## Data shown
========
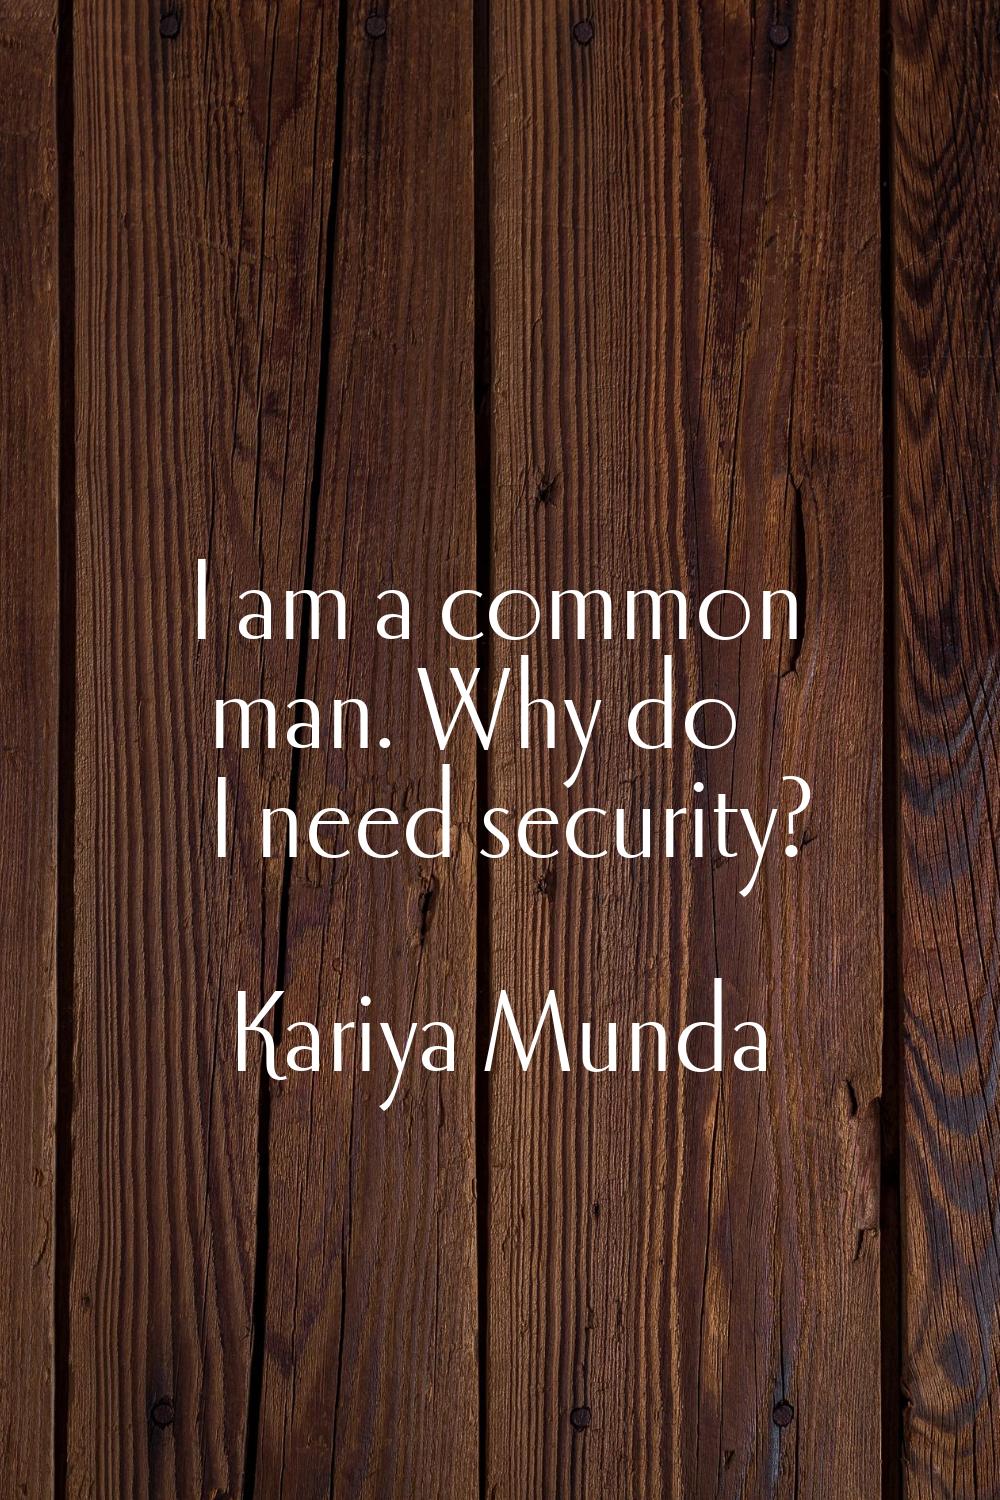 I am a common man. Why do I need security?
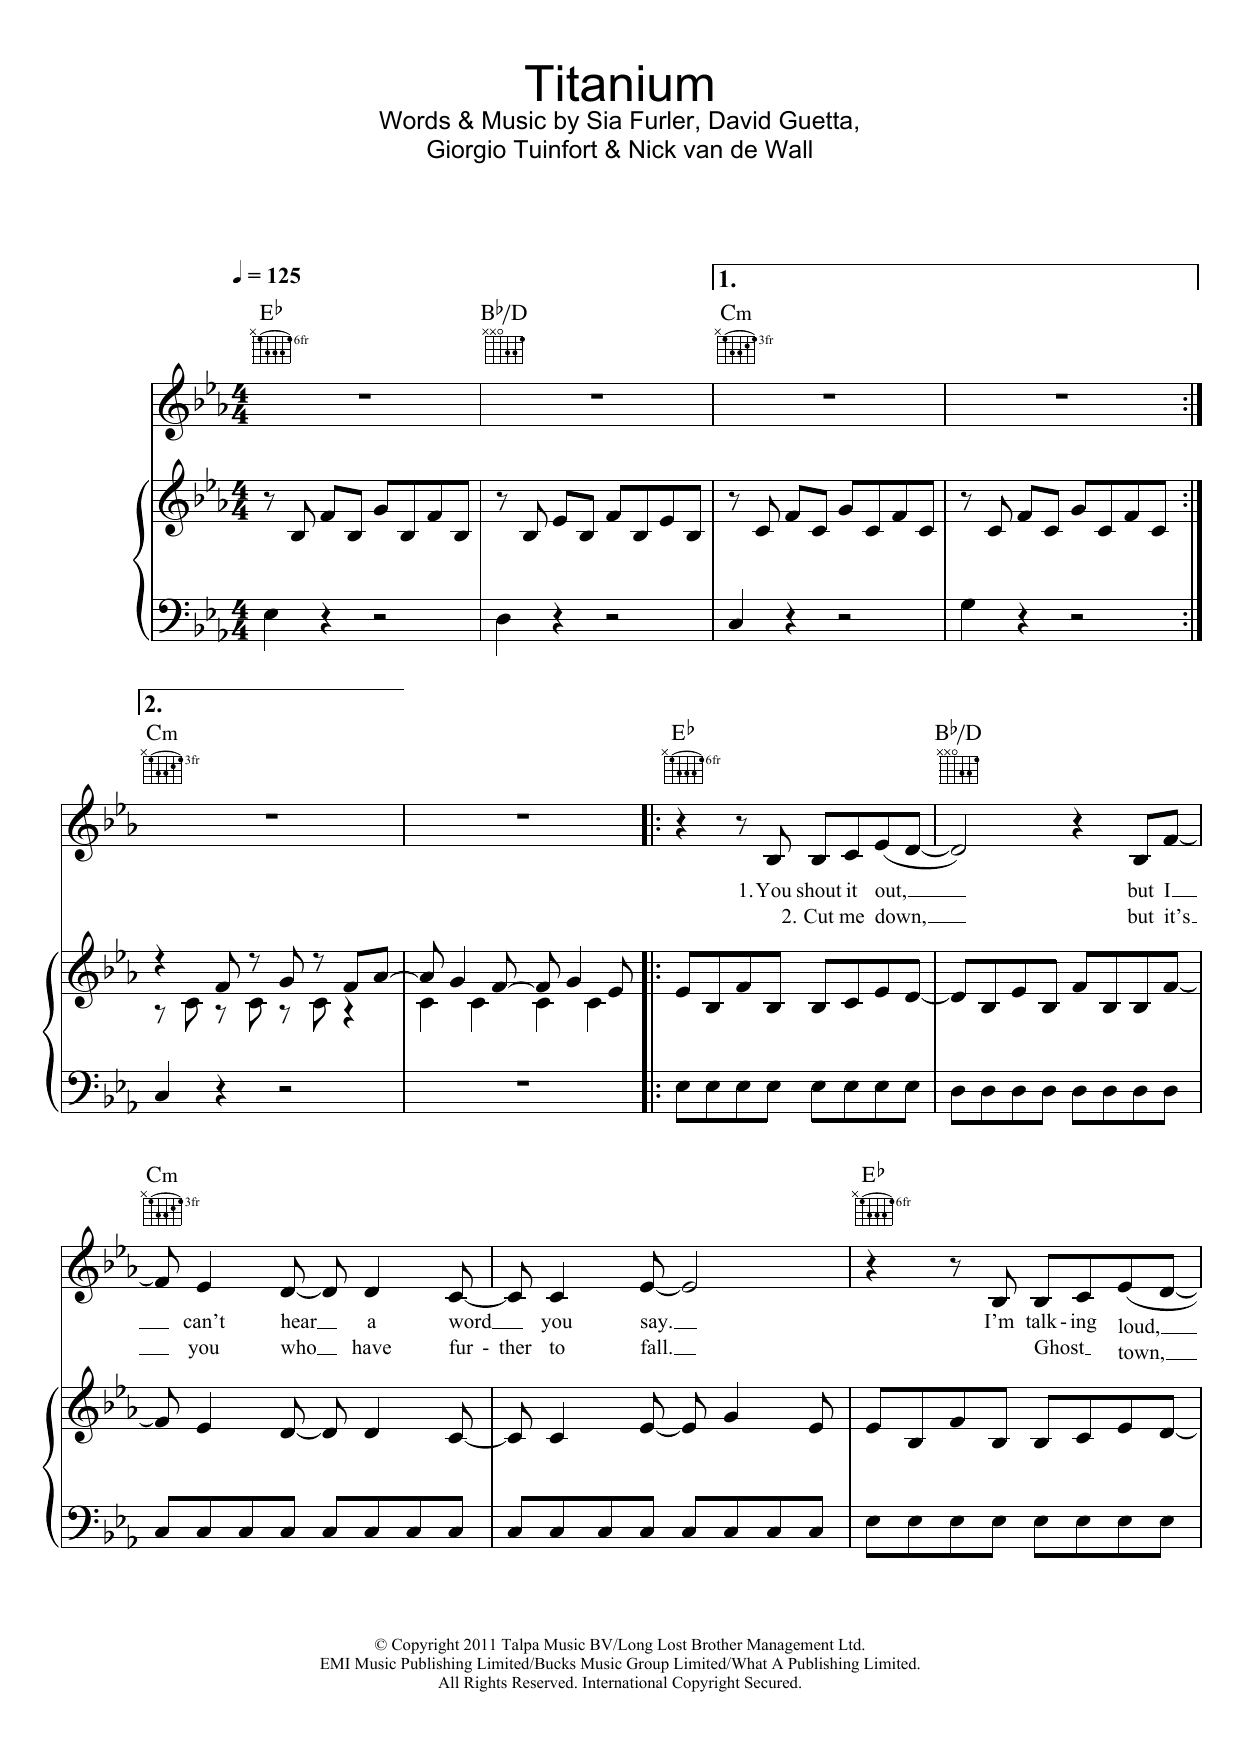 David Guetta Titanium (featuring Sia) Sheet Music Notes & Chords for Violin - Download or Print PDF
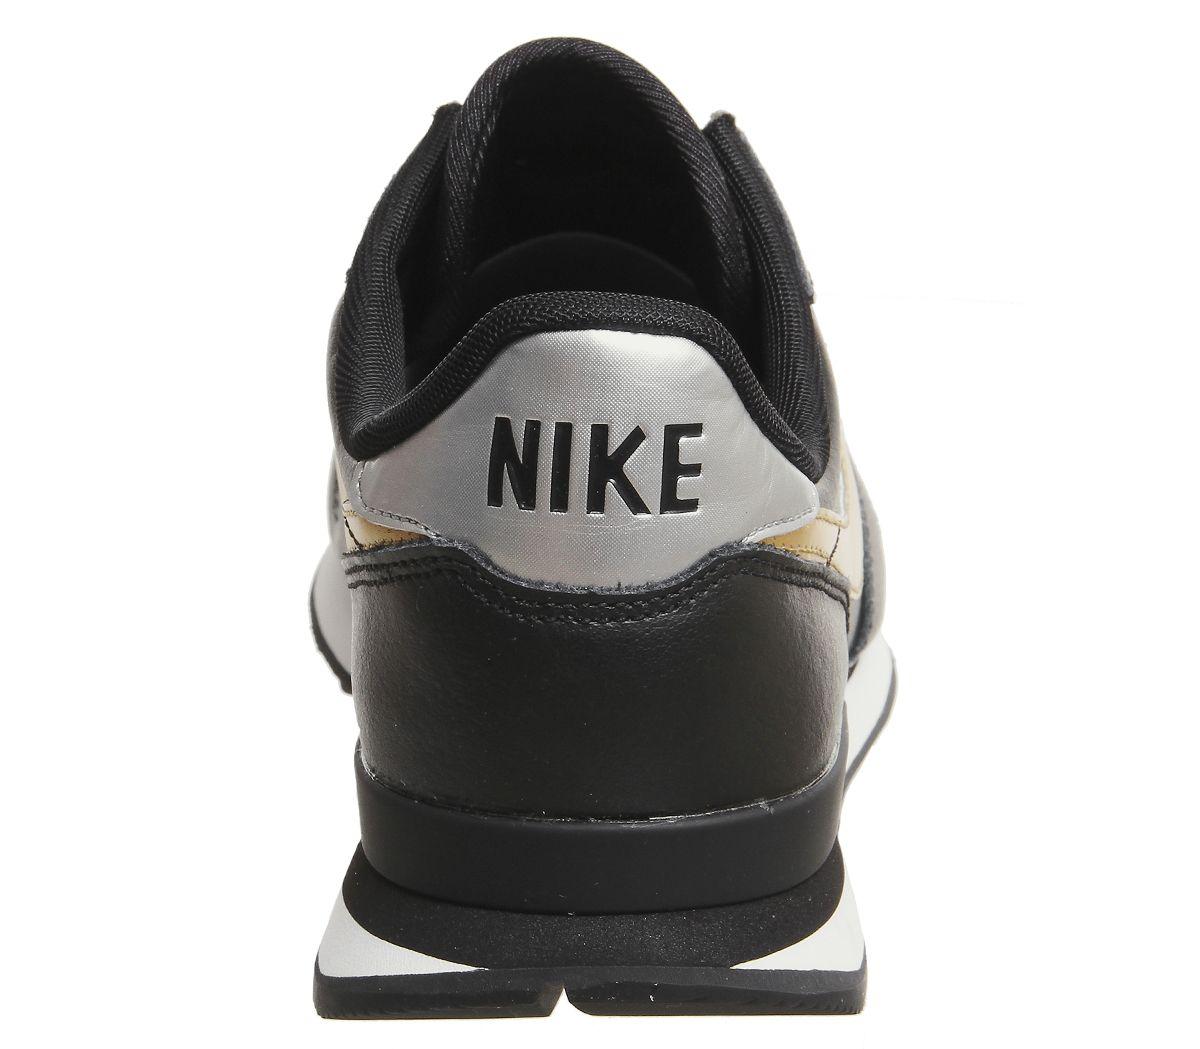 nike black and gold internationalist sneakers
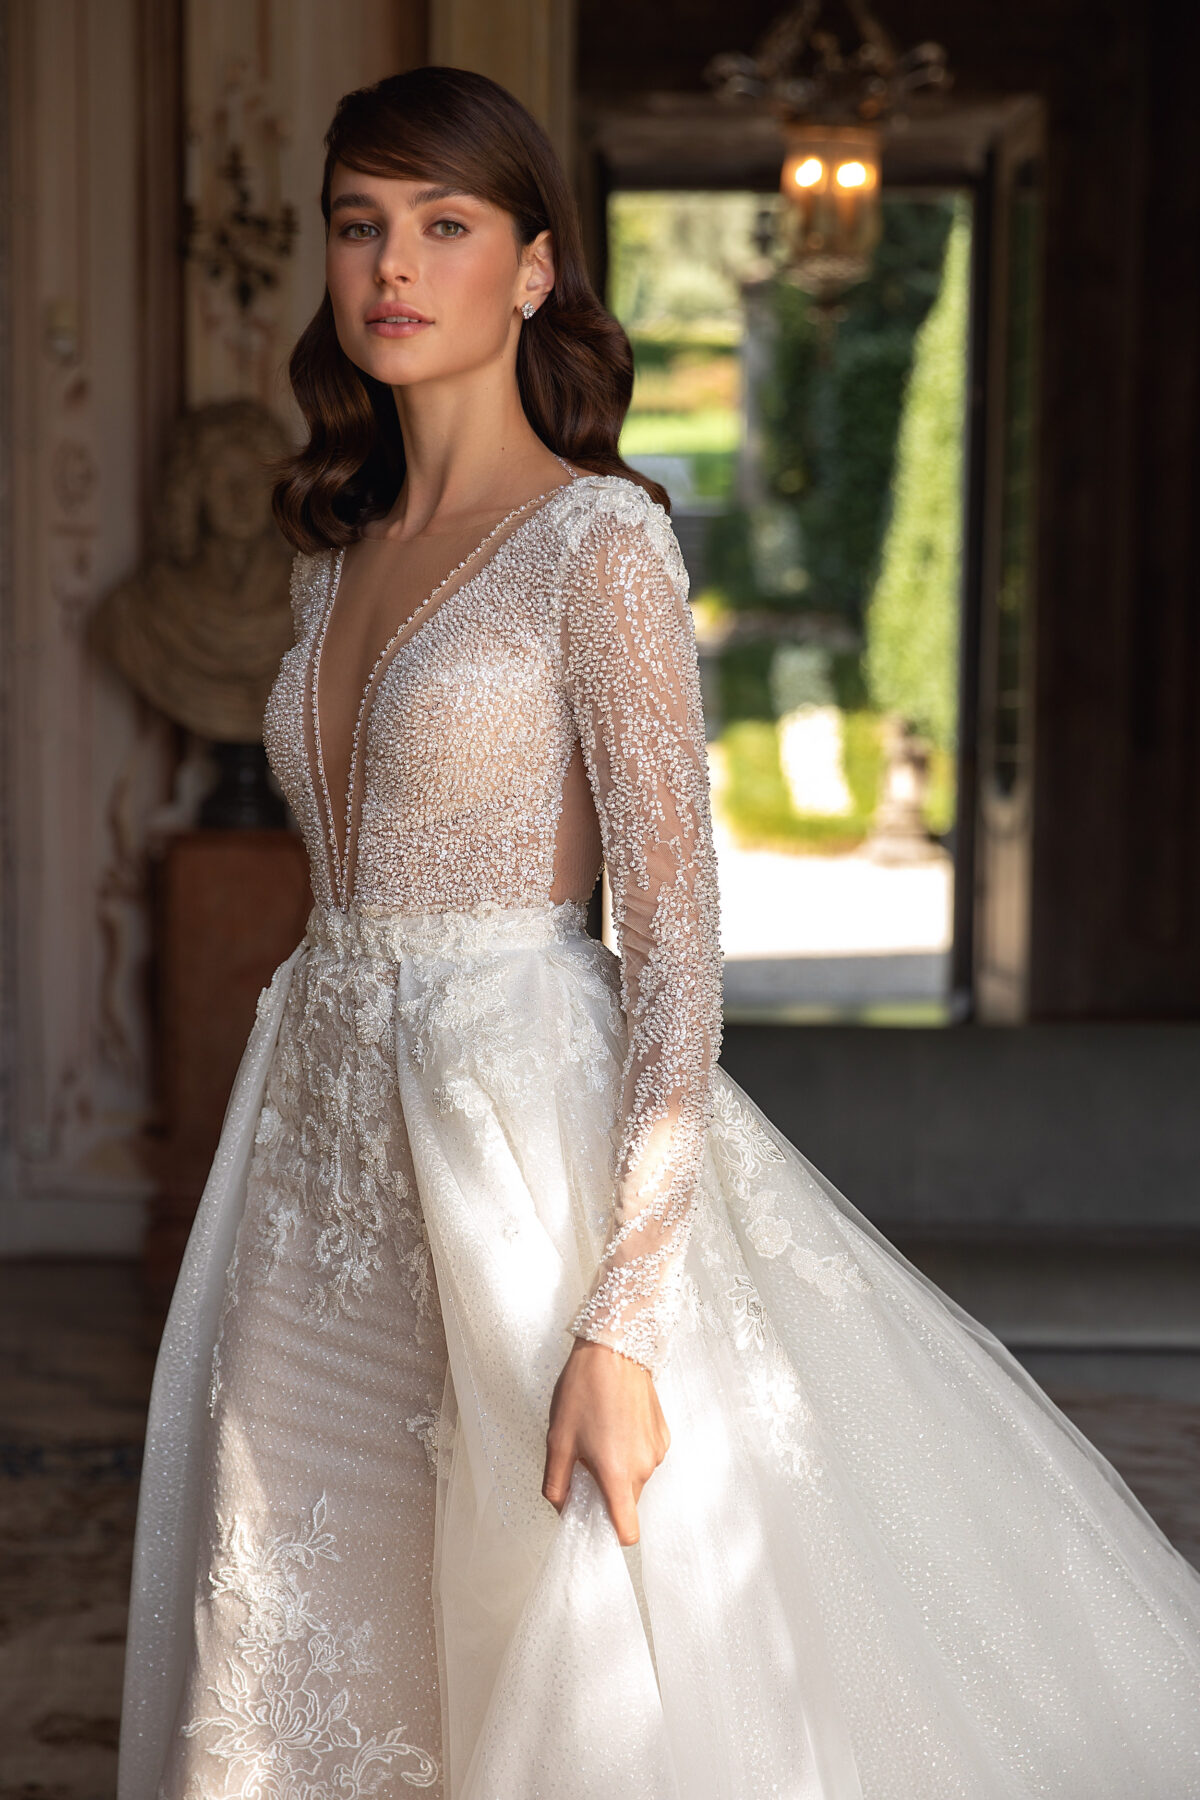 Pollardi 2023 Wedding Dress Trends - Elaborate gowns - Domenica
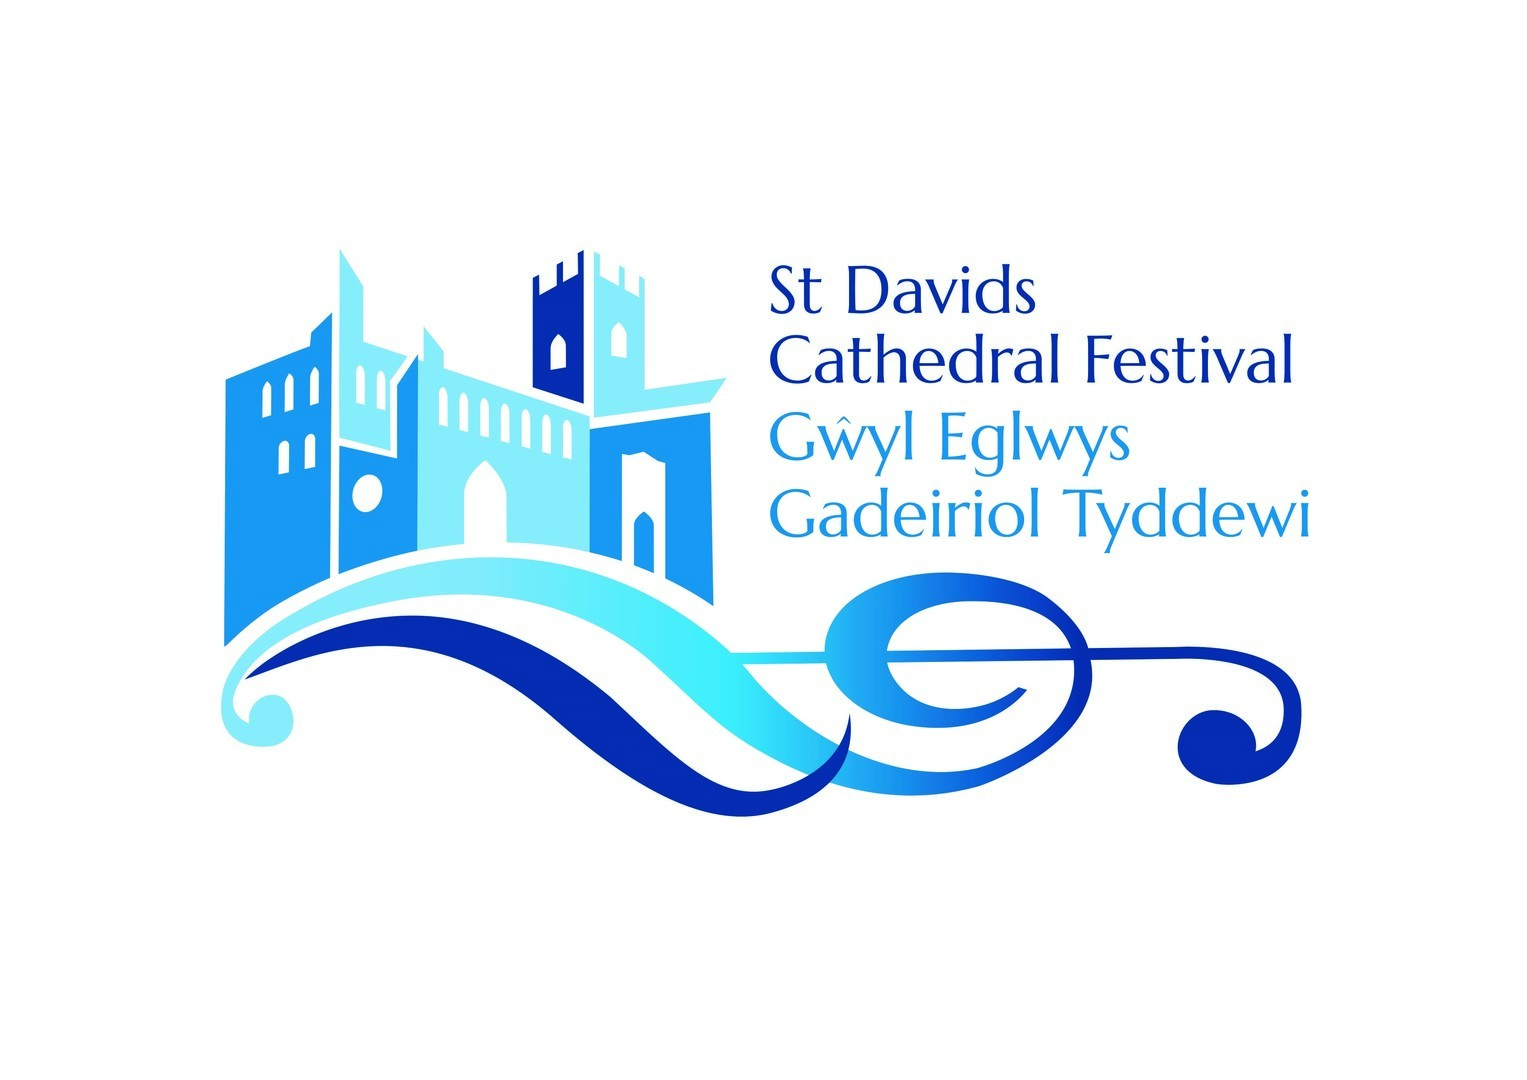 St Davids Cathedral Festival www.stdavidscathedralfestival.org.uk, St Davids, Wales, United Kingdom
========
With the pictures left aside, write out all of the records above exactly.

## Exercise result
 I am a common man. Why do I need security?
 David Guetta Titanium (featuring Sia) Sheet Music Notes & Chords for Violin - Download or Print PDF
 nike black and gold internationalist sneakers
 Pollardi 2023 Wedding Dress Trends - Elaborate gowns - Domenica
 St Davids Cathedral Festival www.stdavidscathedralfestival.org.uk, St Davids, Wales, United Kingdom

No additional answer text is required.